空想未来研究所2.0

山じいは太陽そのもの!平成の30年間に誕生したアニメ・マンガの衝撃設定

空想世界の平成30年史をエネルギー視点で振り返ってみた

マンガやアニメの世界を研究する空想未来研究所が、今回取り上げるテーマは「平成」。もうすぐ平成が終わるので、この30年の間に生み出されたアニメ、マンガ、特撮番組の中から、筆者の柳田理科雄主任研究員が特に驚いた設定を紹介します!

平成30年を彩った空想作品たち

明けましておめでとうございます。平成最後のお正月となりました。

どっぷり濃厚な昭和のアニメや特撮番組を見ながら育った筆者は、平成のコンテンツは少々淡白で小粒ではないかなあ……などと思うこともあった。ところが今、静かに振り返ってみれば、決してそうではない。

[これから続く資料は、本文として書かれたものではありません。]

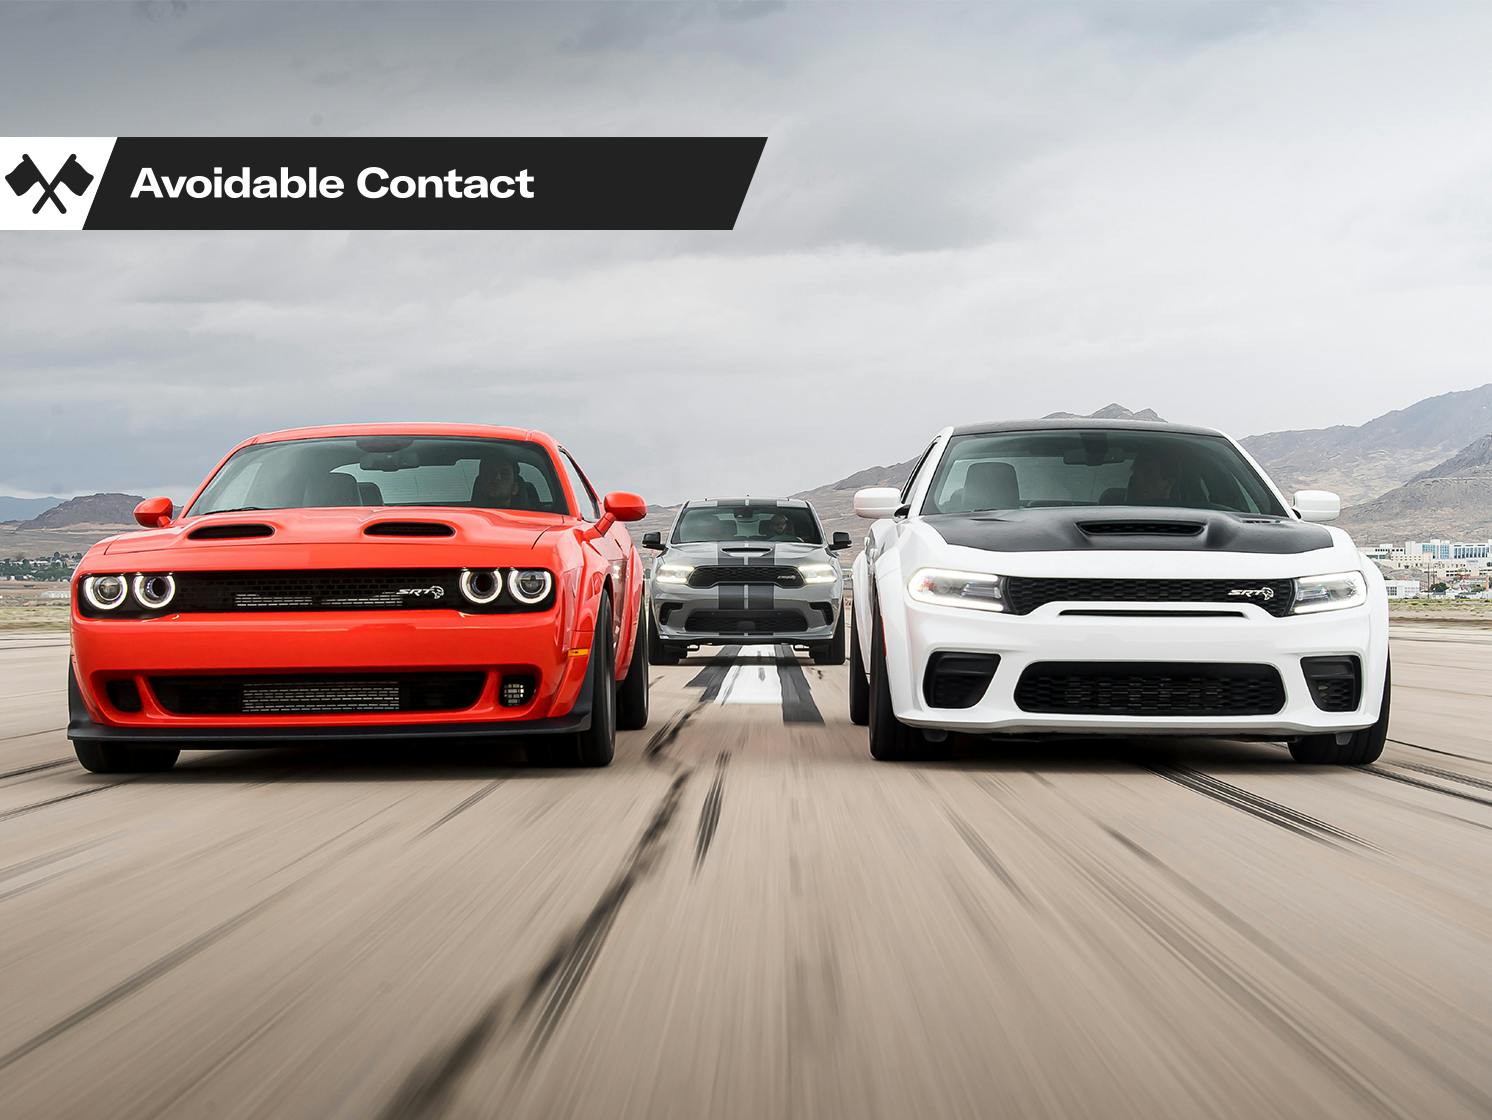 Dodge Hellcat - #Fashion rules the world baby and this

「驚愕(きょうがく)の平成」というべきか、昭和の時代には考えられなかった世界観やキャラクターたちが続々と現れて、驚いたことが何度もあった。

そこで今回は、過ぎゆく平成を惜しみつつ、筆者が大きな衝撃を受けた作品設定や登場人物の能力について、エネルギーの視点から振り返ってみたい。

エヴァが戦うと日本は電力不足になる

まずは『新世紀エヴァンゲリオン』(平成7~8年※テレビシリーズ)だ。

次々と襲来する謎の生物「使徒」に、汎用人型決戦兵器で立ち向かうこの物語のインパクトは大きかった。その最たる部分は動力。エヴァンゲリオンにはケーブルが付いていて、そこから供給される“電力”で稼働するシステムなのだ!

主人公の碇シンジが登場する紫色のエヴァンゲリオン初号機。そのサイズは作品中では示されていなかったが、『スーパーロボット画報』(竹書房)によれば、「全高40~700m、重量700t~9.6万t」と伝えている。

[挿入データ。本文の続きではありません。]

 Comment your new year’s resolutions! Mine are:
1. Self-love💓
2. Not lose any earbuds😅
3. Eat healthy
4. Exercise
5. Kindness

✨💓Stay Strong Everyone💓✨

後ろの方のとてつもない数値は、物語の終盤で巨大化したときのものと思われるので、ここでは初号機の普段のサイズを「全高40m、重量700t」と考えよう。

この初号機をはじめとする3体のエヴァンゲリオンは、通常はアンビリカルケーブルと呼ばれるケーブルから供給される電力で稼働する。何らかの理由で接続が切れると、内部電源に切り替えられ、フルパワーなら1分、最長でも5分しか活動できない。“umbilical”とは「へその緒」「命綱」という意味だが、まさにエヴァンゲリオンの命綱なのだ。

では、このアンビリカルケーブルから供給される電力はどれほどか。それは、エヴァンゲリオンの戦いぶりから推測できる。

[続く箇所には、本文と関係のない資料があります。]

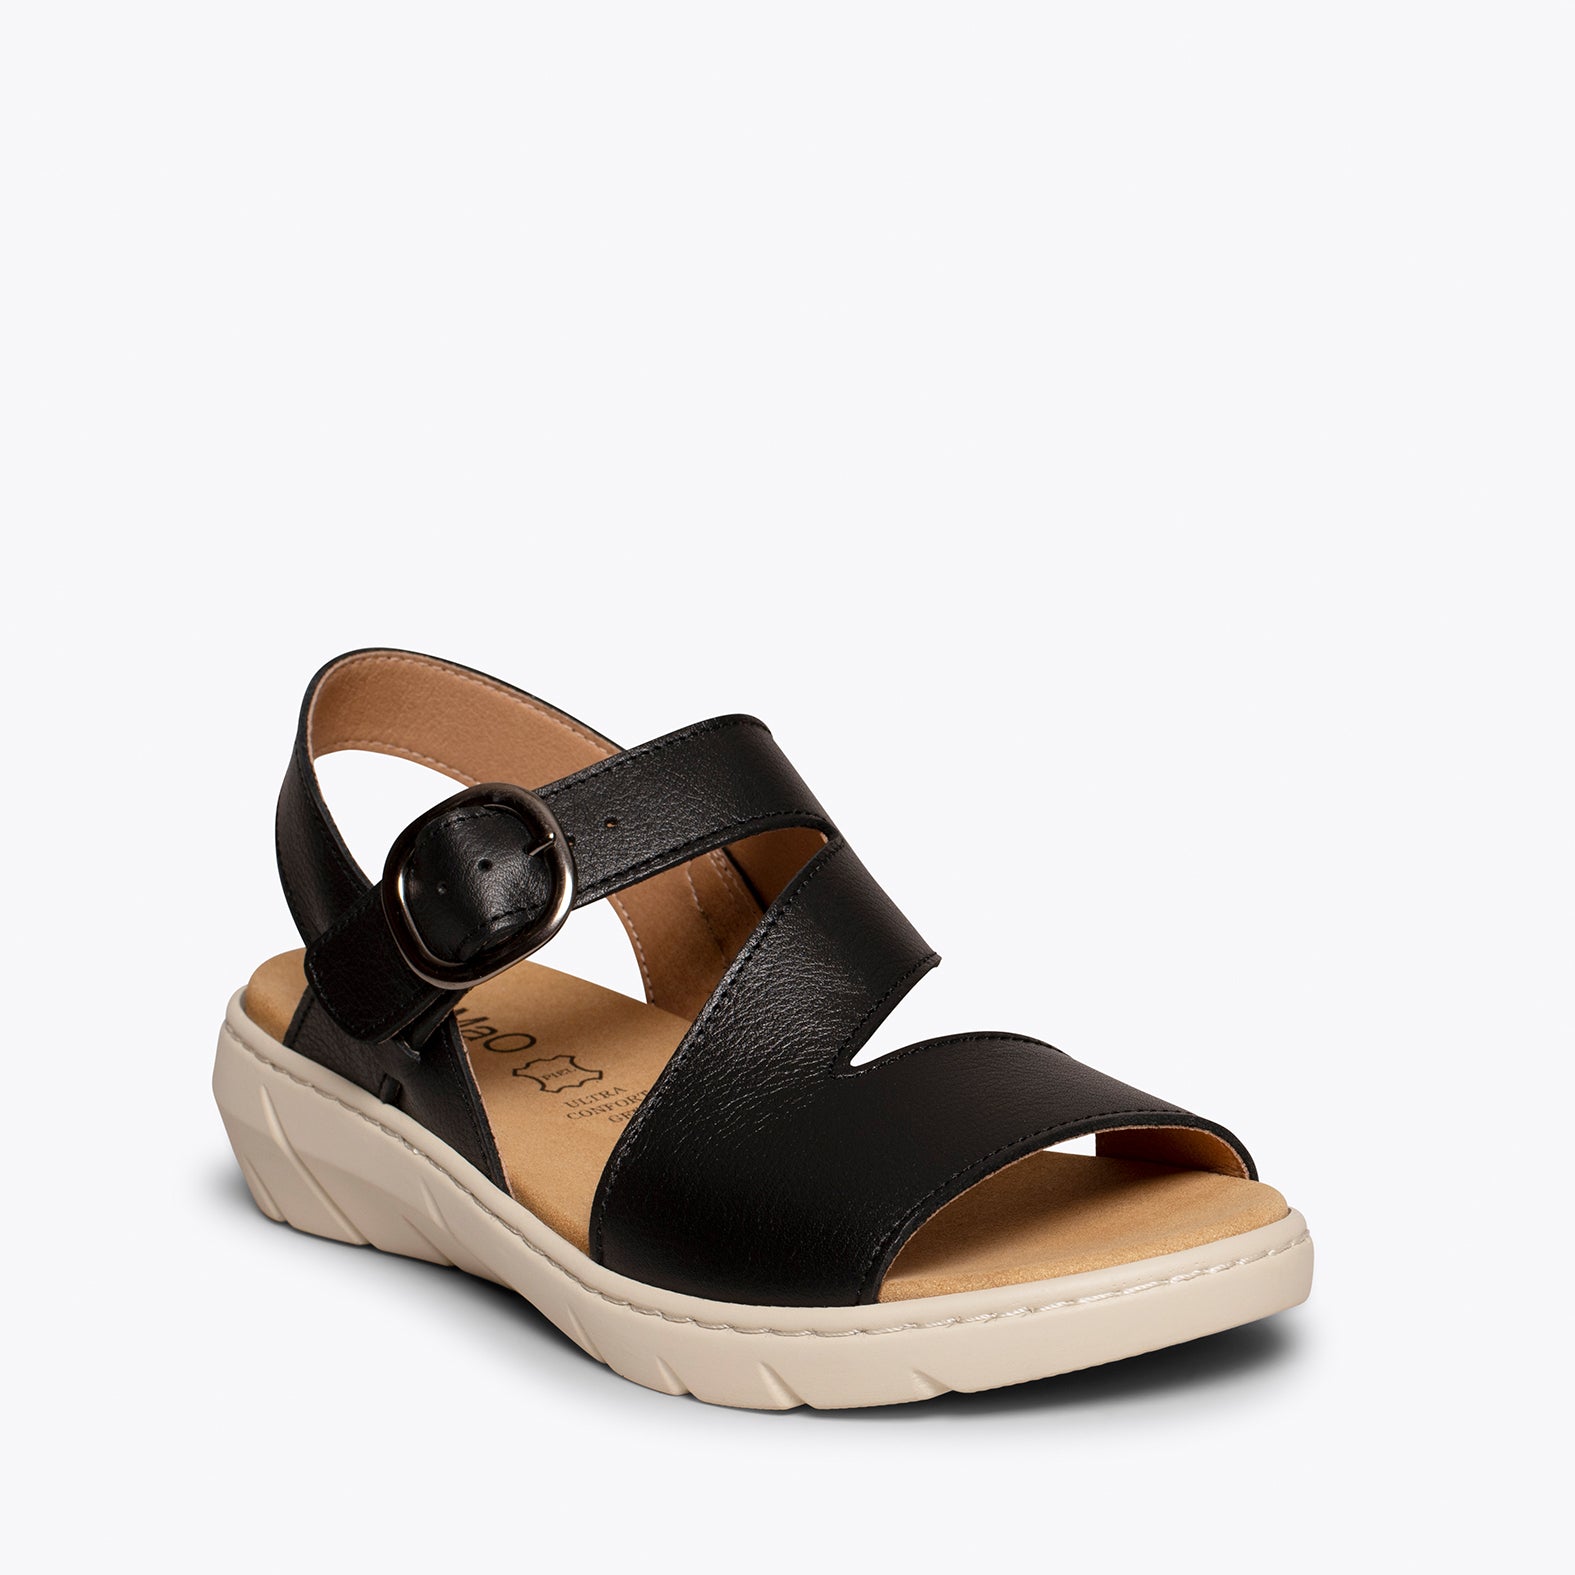 NATURA – BLACK sandals with removable insole

初号機が最大のパワー(1秒間に消費するエネルギー)で活動したと見られるのは、第3使徒サキエルとの戦いである。ビルに背をもたれてしゃがんだ姿勢から、ほぼ水平にジャンプして、空中で1回転。全高の10倍ほど離れたサキエルの顔面に飛び蹴りを見舞った。

宙を舞っていた時間を実際に計ると2.32秒。この間に全高の10倍=400m跳んだとすれば、そのスピードは時速630kmだ。重量700tの初号機が、しゃがんだ姿勢から足を伸ばすまでのわずかな時間で、新幹線の2倍もの速度に加速したわけである。

これに必要な電力は4600万kW。現実世界の日本の総発電力は1億kWだからおよそ半分。劇中の総発電力は1億8000万kWとされ、この電力は第5使徒ラミエルの討伐に使われていたが、それと比べても4分の1を超える莫大なパワーだ。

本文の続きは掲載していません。